We have presented a simple method for estimating interval-averaged S-wave velocities for depth ranges of 0–10, 10–20 and 20–30 m by using a Rayleigh-wave phase velocity dispersion curve obtained from array measurements of vertical-motion microtremors. This method could be understood as an extension, with enhanced resolution, on a conventional technique that consists of a simple conversion of a Rayleigh-wave phase velocity dispersion curve into an S-wave velocity profile. Our method is based on an empirical law that associates average S-wave velocities of subsurface structures with their Rayleigh-wave phase velocities. It uses only part of the information contained in Rayleigh-wave phase velocity dispersion curves and no other information on subsurface structures. It should be remembered, therefore, that the method only has limited precision, or in other words, may be subject to errors of up to a few tens of percent.
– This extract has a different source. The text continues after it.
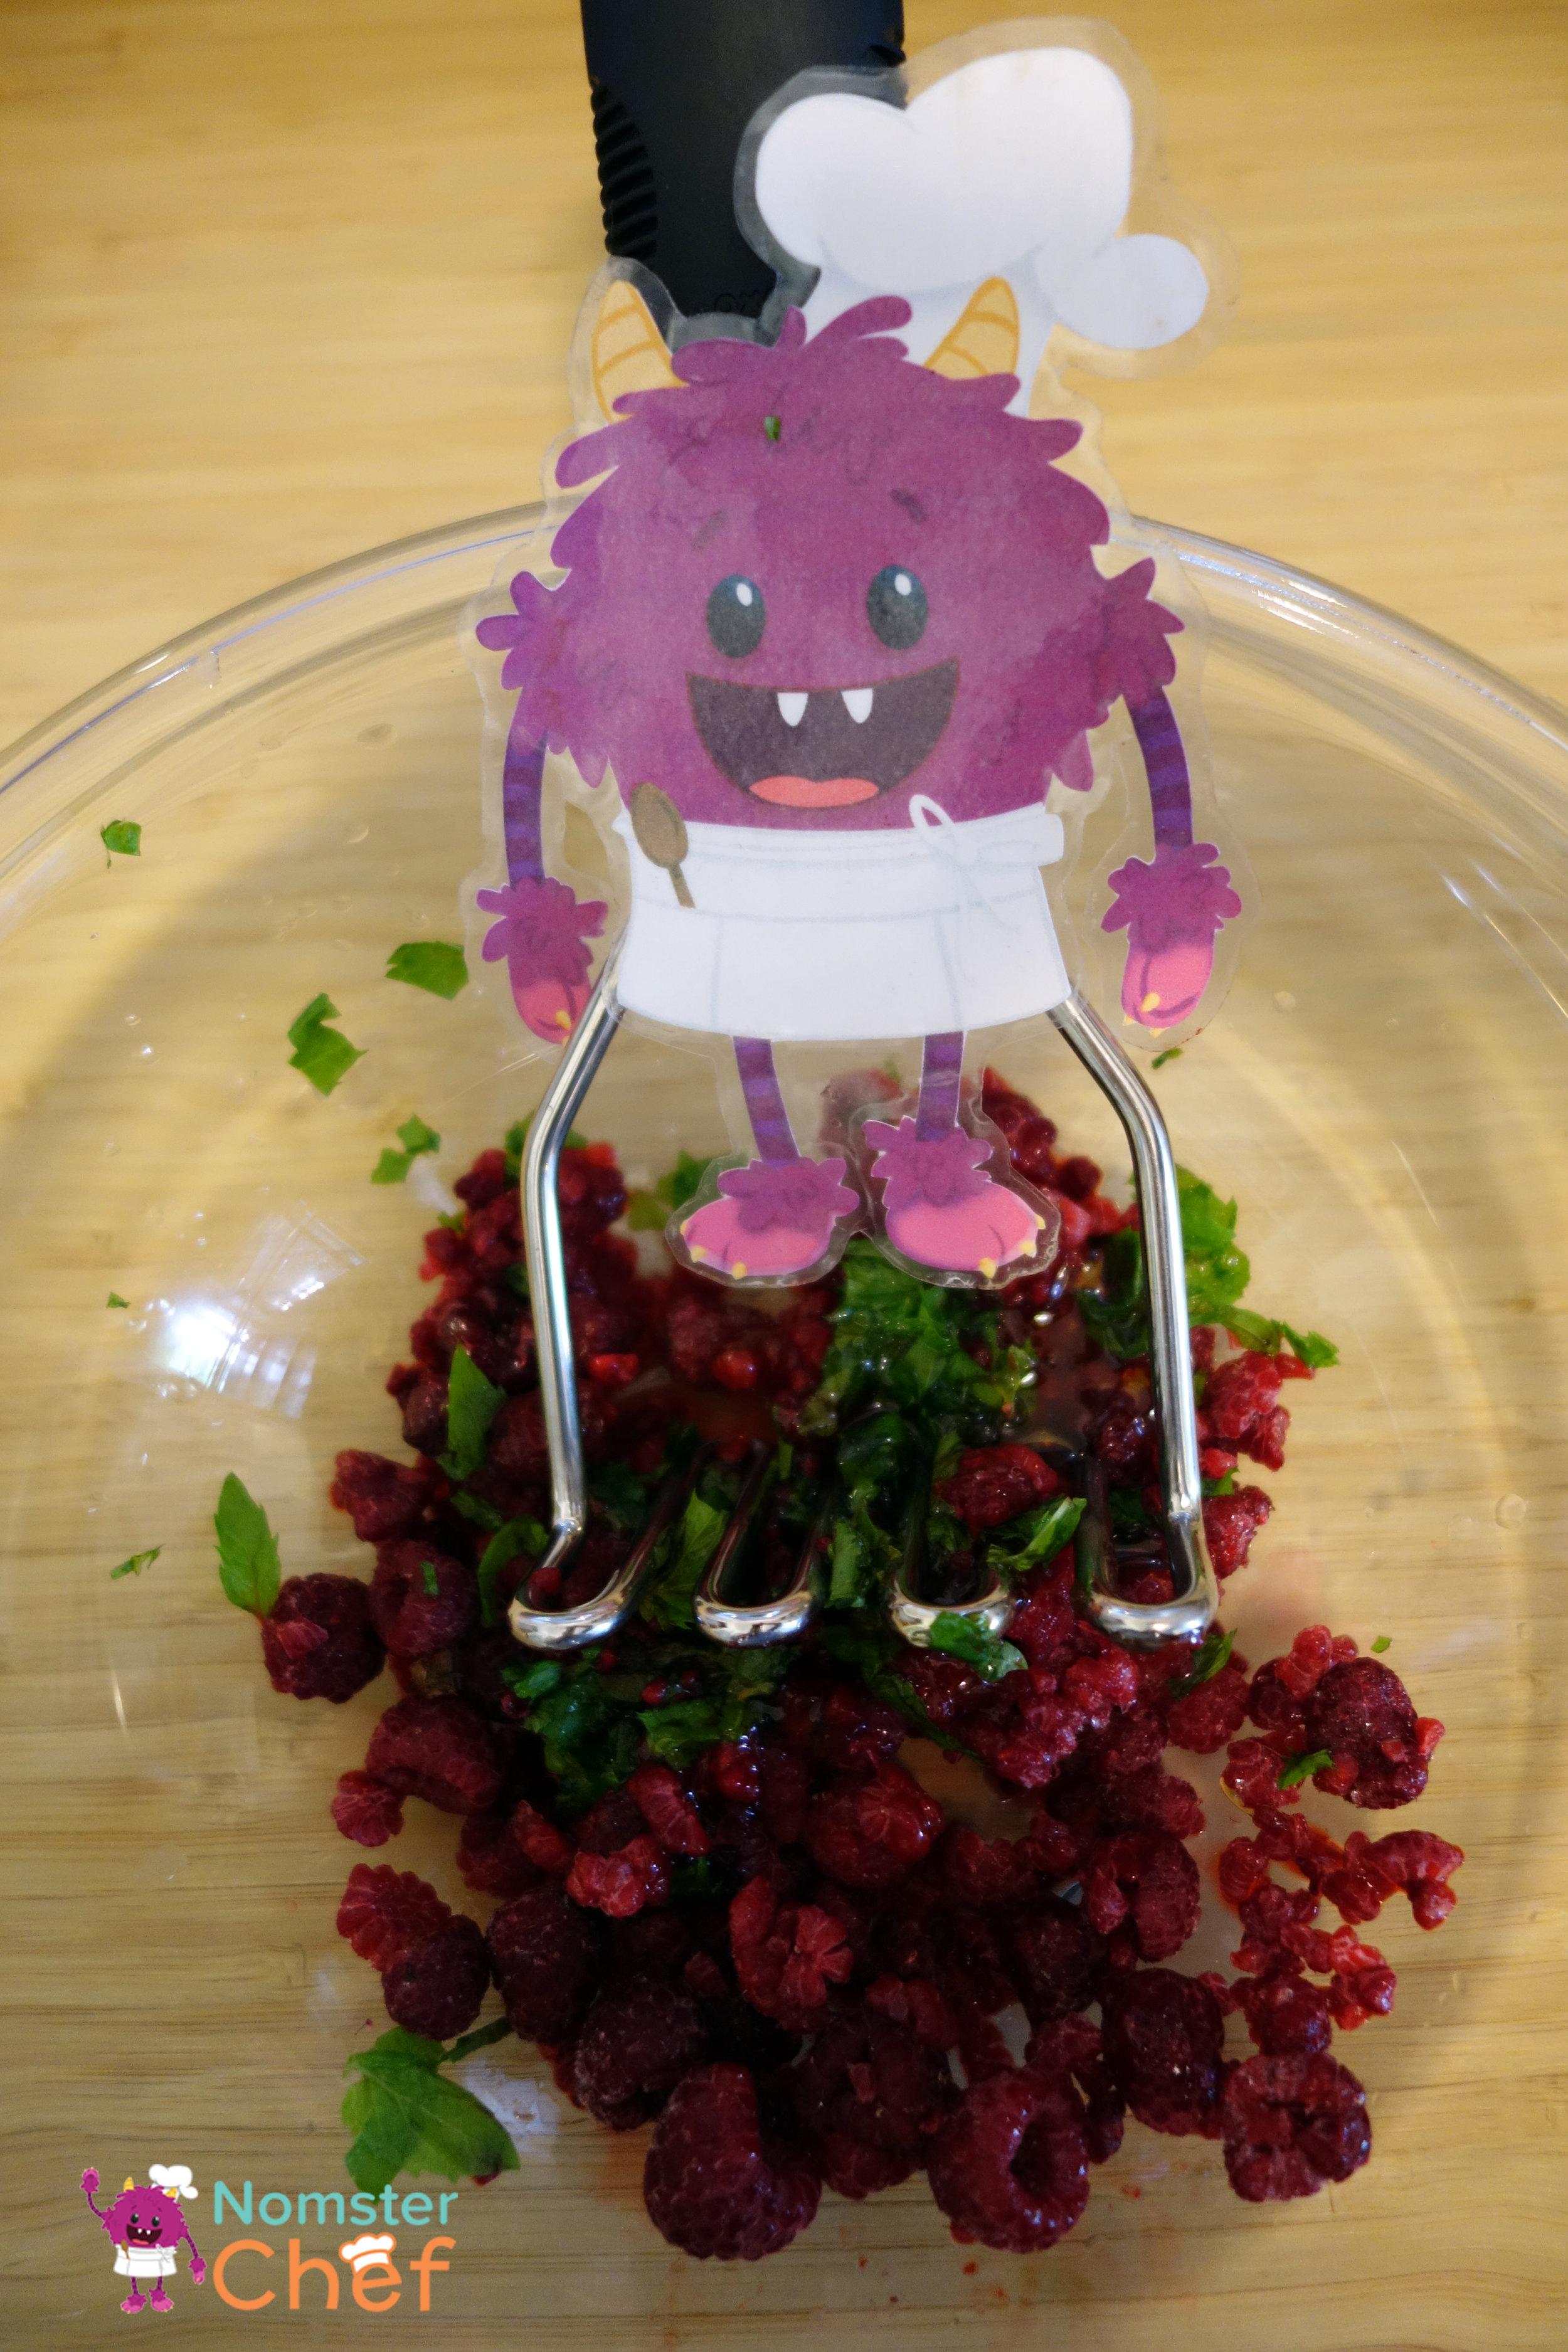 mashing raspberries - raspberry yogurt pop- Nomster Chef

It has been shown, however, that our method produces output images that are similar to the results of surface-wave techniques insofar as the objective is to get an approximate picture of spatial variations in shallow structures by juxtaposing measurement and analysis results from a large number of sites. The output does not depend on the analyser, and it takes only simple algebra to obtain results once a Rayleigh-wave phase velocity dispersion curve has been estimated, so our method could be used effectively as a tool of preliminary analysis, particularly from the viewpoint of making the most of the flexibility of small-scale seismic arrays.

The authors declare no conflicts of interest.